What you are asked to do »
Begin at the line containing "Mozaiekkunst Jolanda" in the entries below and end at the line containing "Flagler Museum, Palm Beach FL"; transcribe that range exactly and nothing outside it.

[[ Material supplied open ]]

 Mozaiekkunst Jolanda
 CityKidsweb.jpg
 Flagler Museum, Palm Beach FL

[[ Material supplied closed ]]
[[ Material supplied open ]]

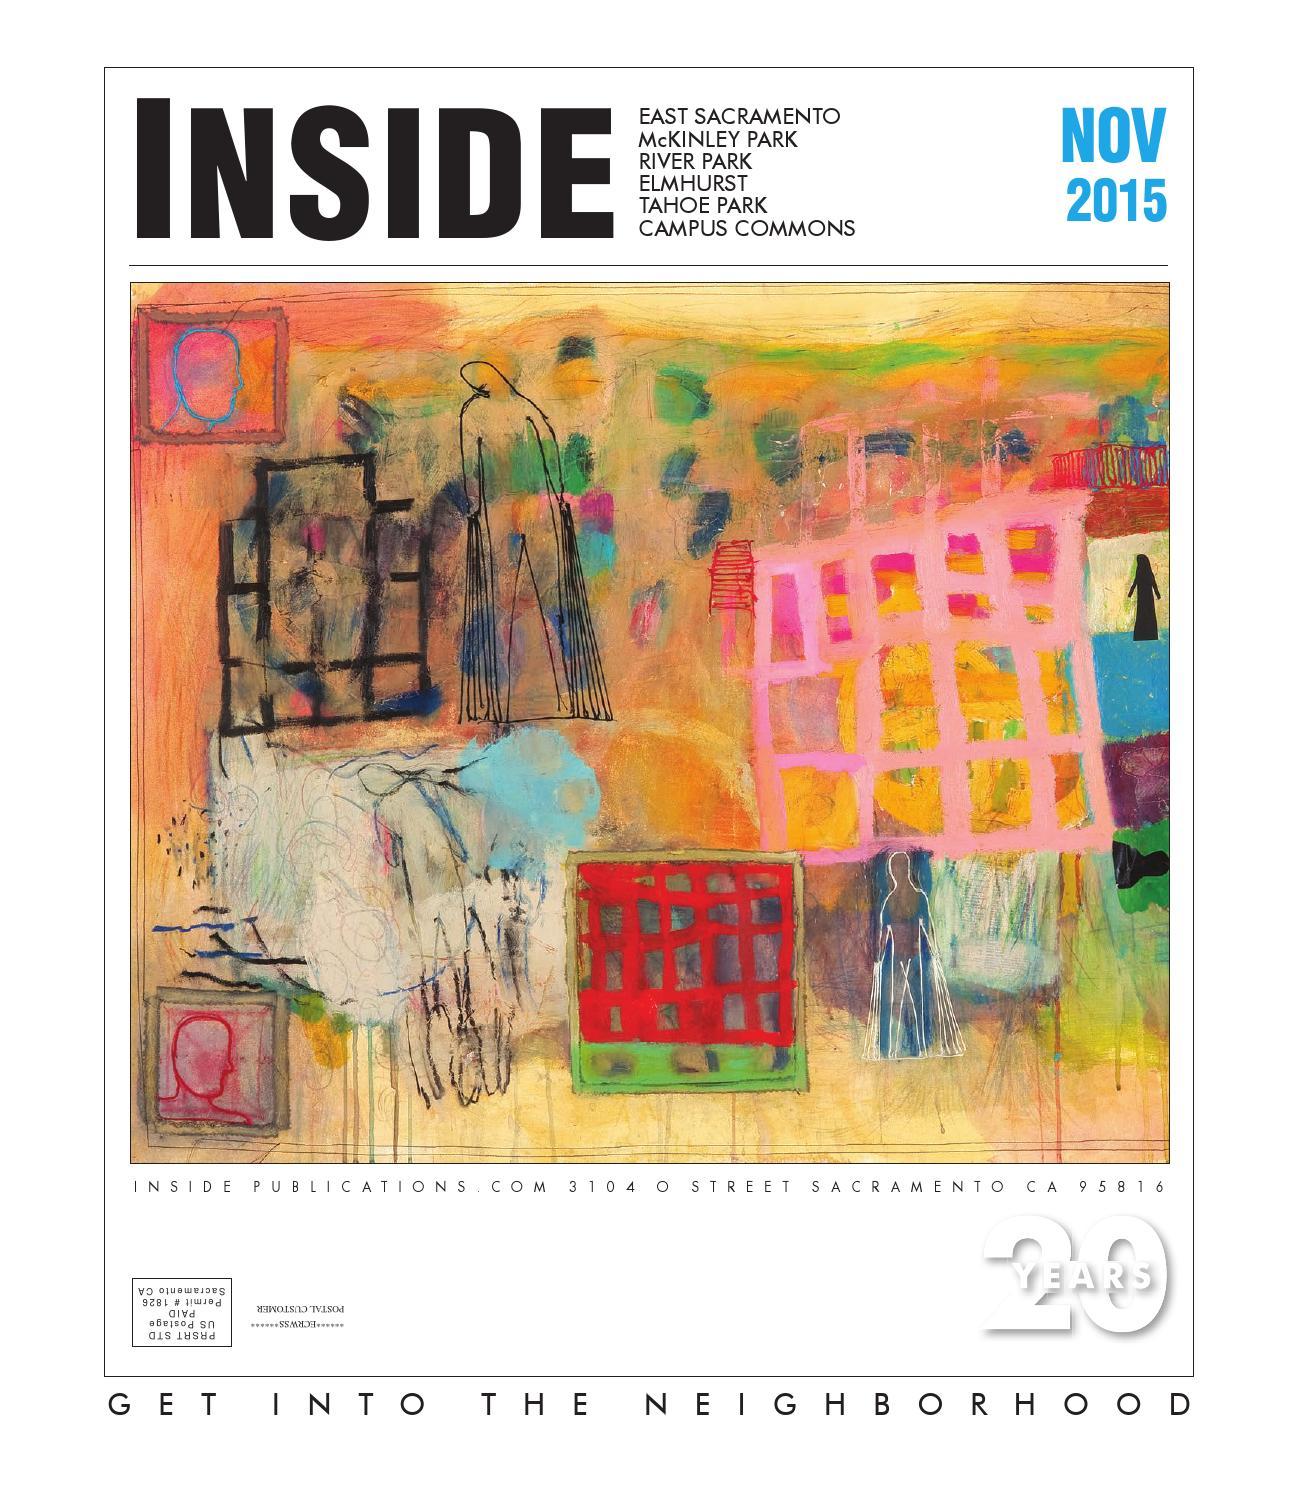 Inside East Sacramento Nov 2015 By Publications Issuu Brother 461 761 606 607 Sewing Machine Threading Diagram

[[ Material supplied closed ]]
[[ Material supplied open ]]

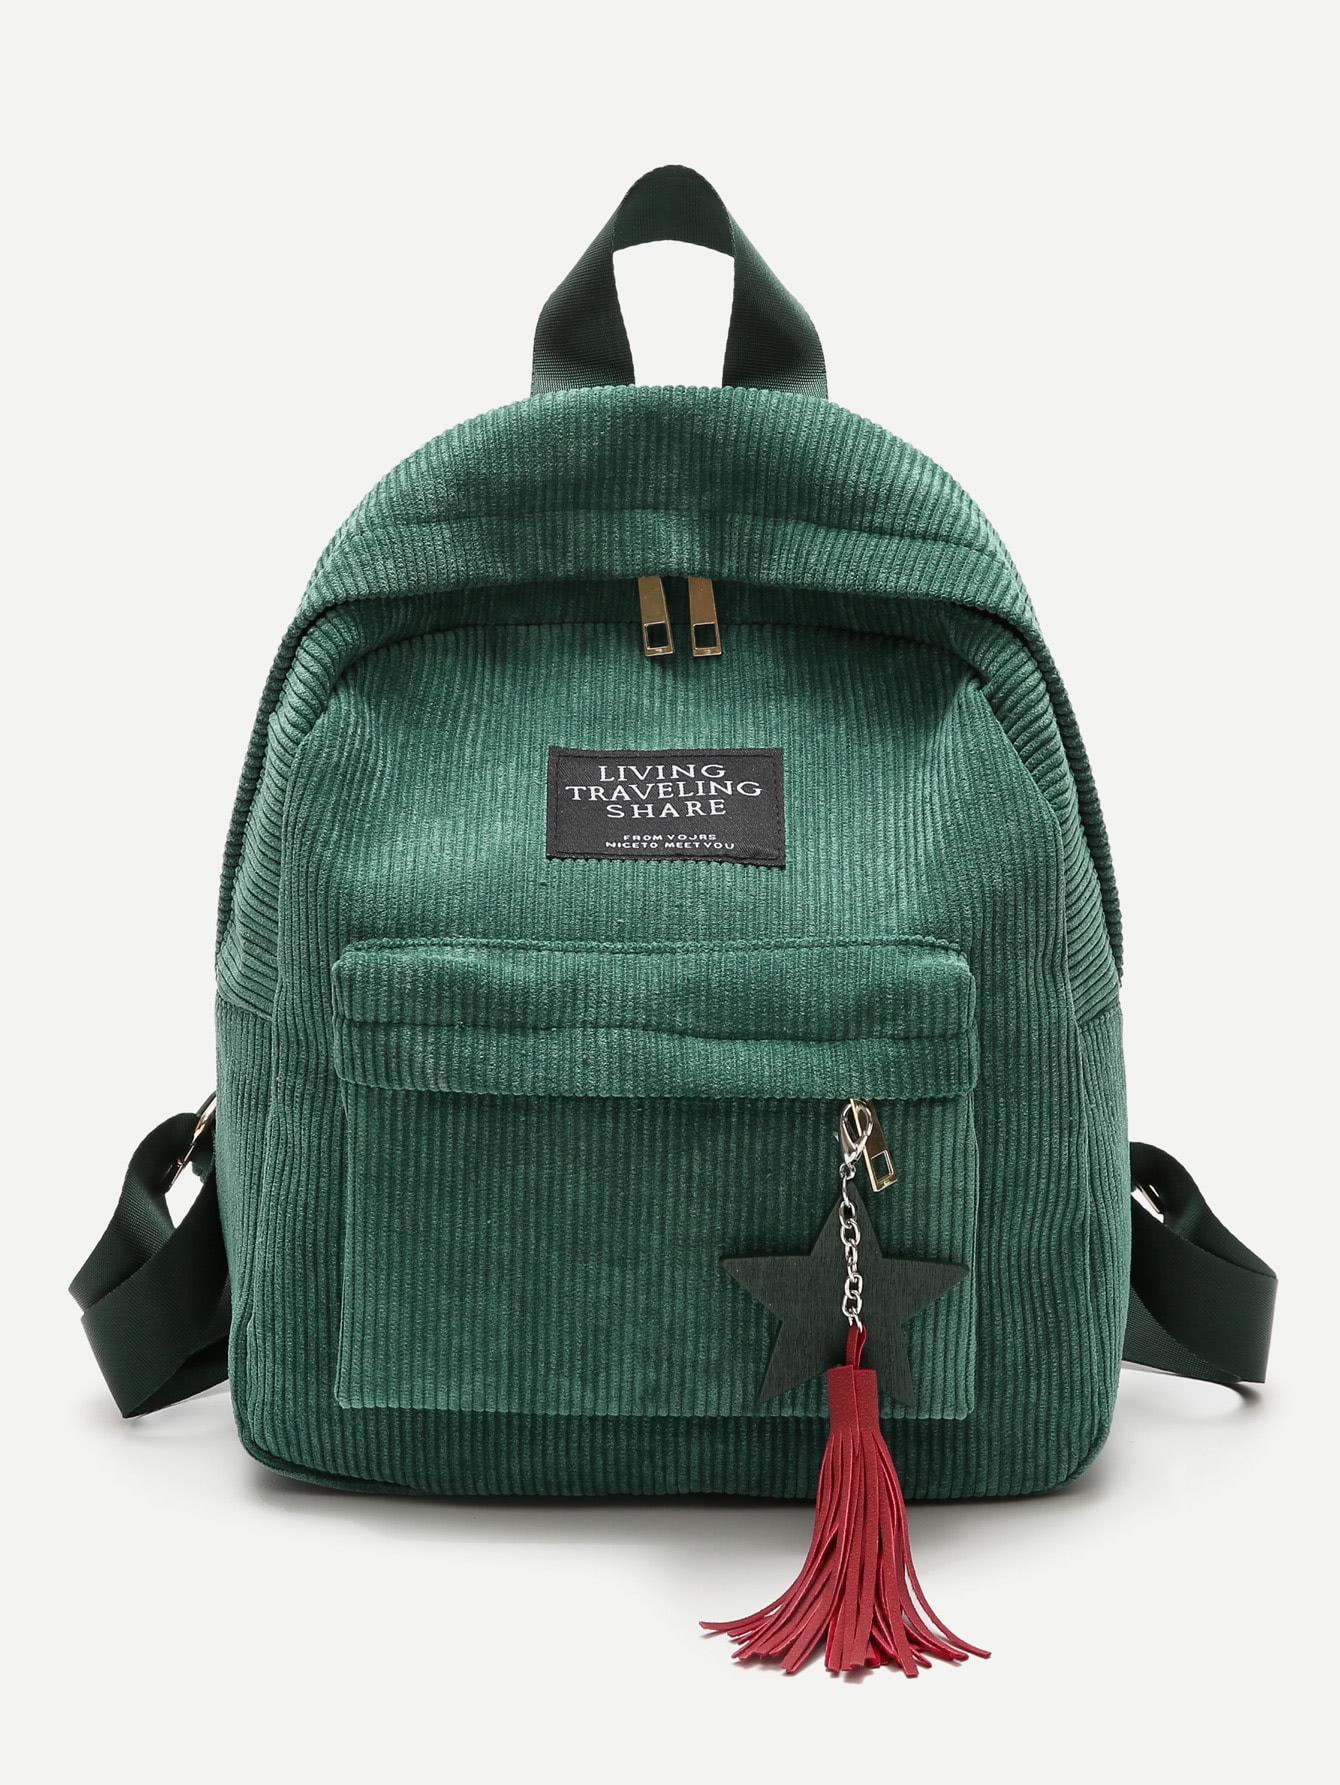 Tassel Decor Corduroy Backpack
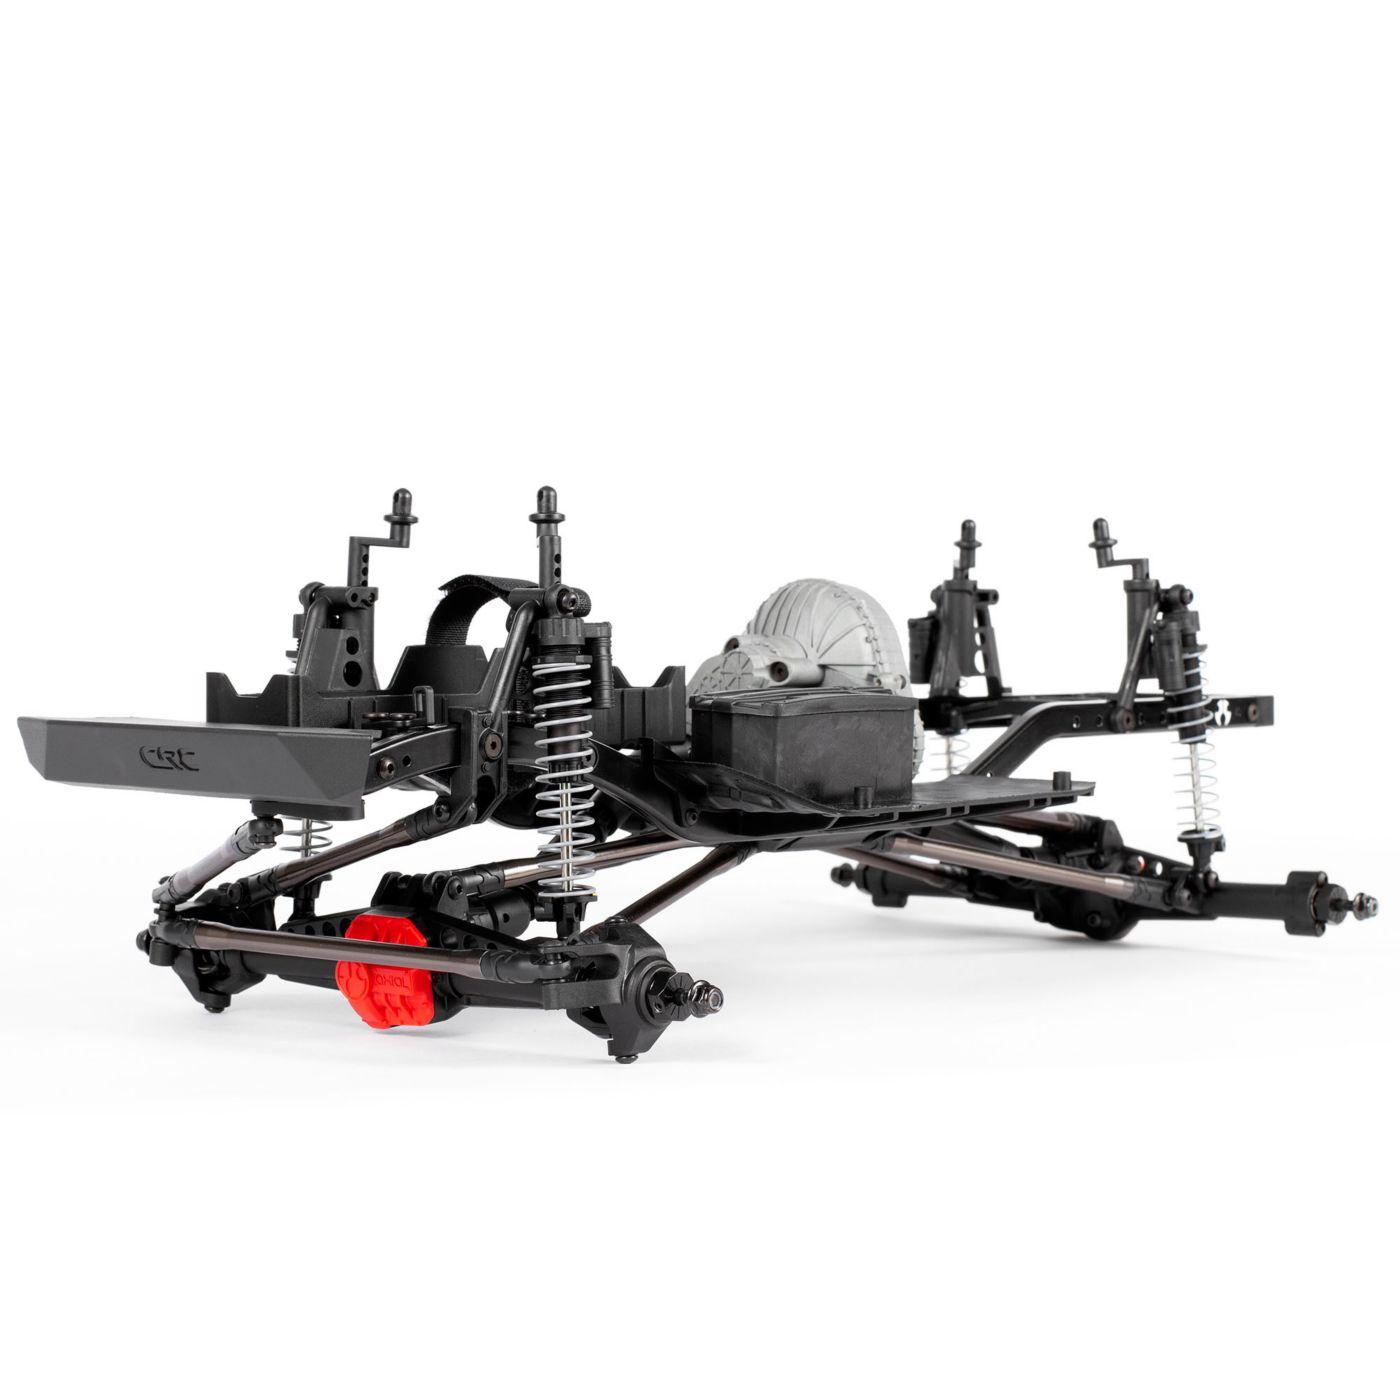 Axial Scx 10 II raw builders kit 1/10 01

[[ Material supplied closed ]]

Finished task »
 Mozaiekkunst Jolanda
 CityKidsweb.jpg
 Flagler Museum, Palm Beach FL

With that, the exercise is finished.